How well this definition aligns with our perception of saturation is questionable, and the HSL model is generally agreed to have failed in this regard, but nevertheless it acts as a decent approximation. Consider these shades of blue, however:

  1. hsl(.55, .9, .5)
  2. hsl(.66, .8, .5)
  3. hsl(.55, .5, .5)
  4. hsl(.66, .4, .5)

To me, shade 2 seems more saturated than shade 1, but I think we can all agree that 1 and 2 are more saturated than 3 and 4.

This example is meant to show that HSL is not a perfect model, but that it is a working model.

For our example color we see that

  1. dif does not equal 0, so
  2. sum > 1, so D = 2 - sum = 2 - 1.0117647 = .9882353
  3. S = dif / D = .745098 / .9882353 = .7539683.

Thus we have determined that the saturation for rgb(34, 224, 208) is .7539683.

Lightness

Lightness is defined as simply sum / 2, the average of max and min.
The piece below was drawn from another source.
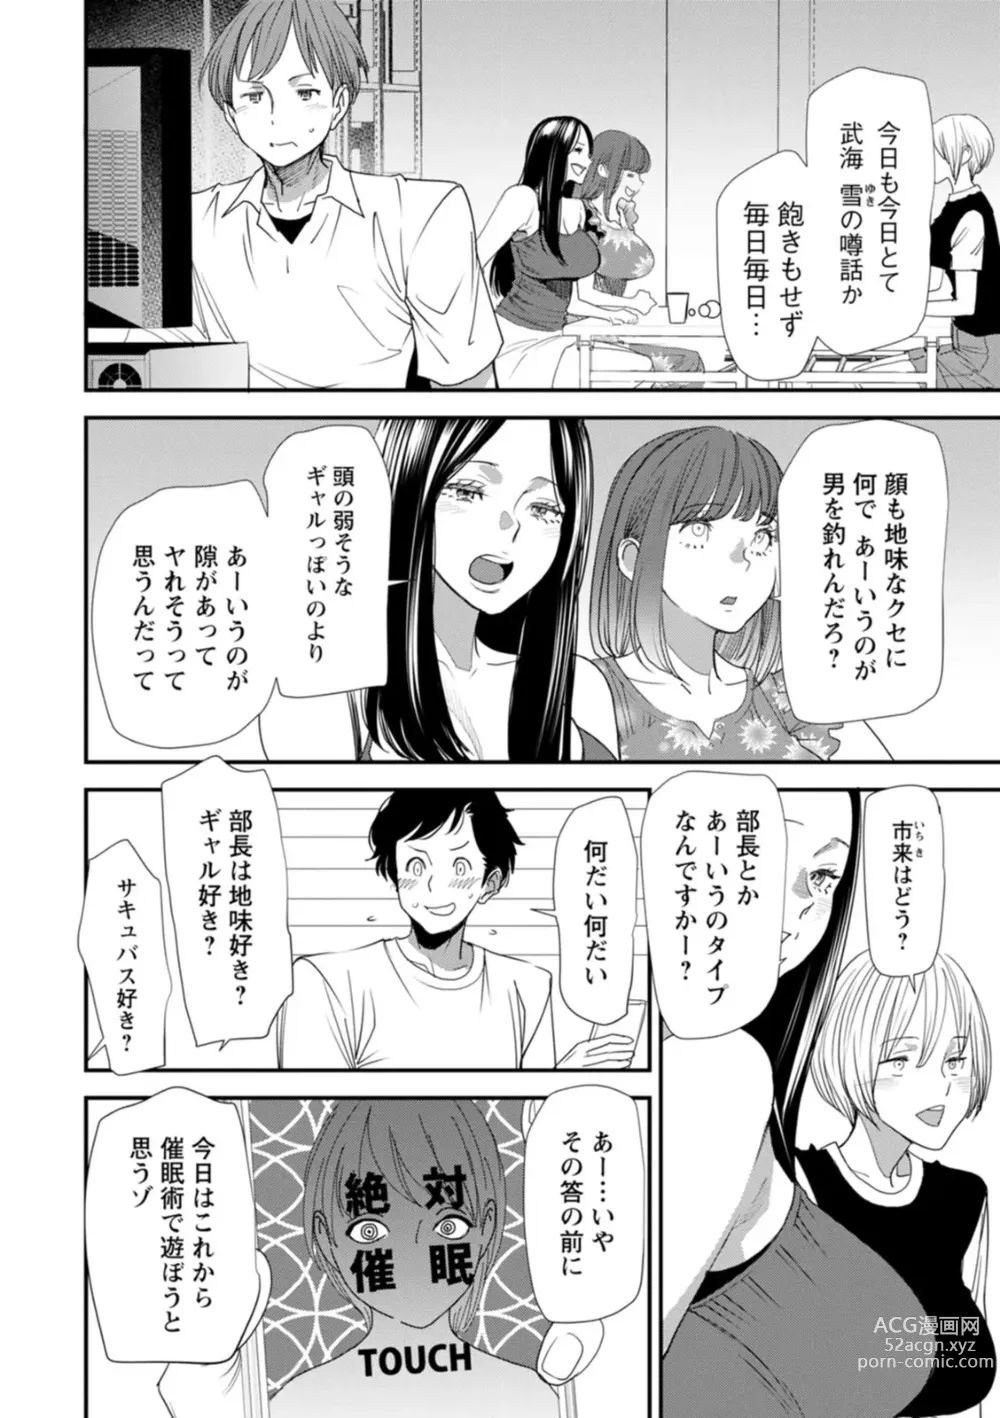 Page 24 of manga Inma Joshi Daisei no Yuuutsu - The Melancholy of the Succubus who is a college student

This is certainly the most immediately appealing to intuition.

For our example color this would mean that L = 1.0117647 / 2 = .5058824.

And with that we determine that the HSL representation of rgb(34, 224, 208) is hsl(.4859649, .7539683, .5058824).

In CSS the hue value would be multiplied by 360, and the saturation and lightness would be multiplied by 100 with a percent sign affixed, yielding hsl(175, 75%, 51%) (after rounding).


The mathematically inclined will notice that the transformations from RGB to HSL are not linear transformations, and thus straight-line paths in RGB will not be preserved. This will be the motivation behind the construction of gradients in these spaces.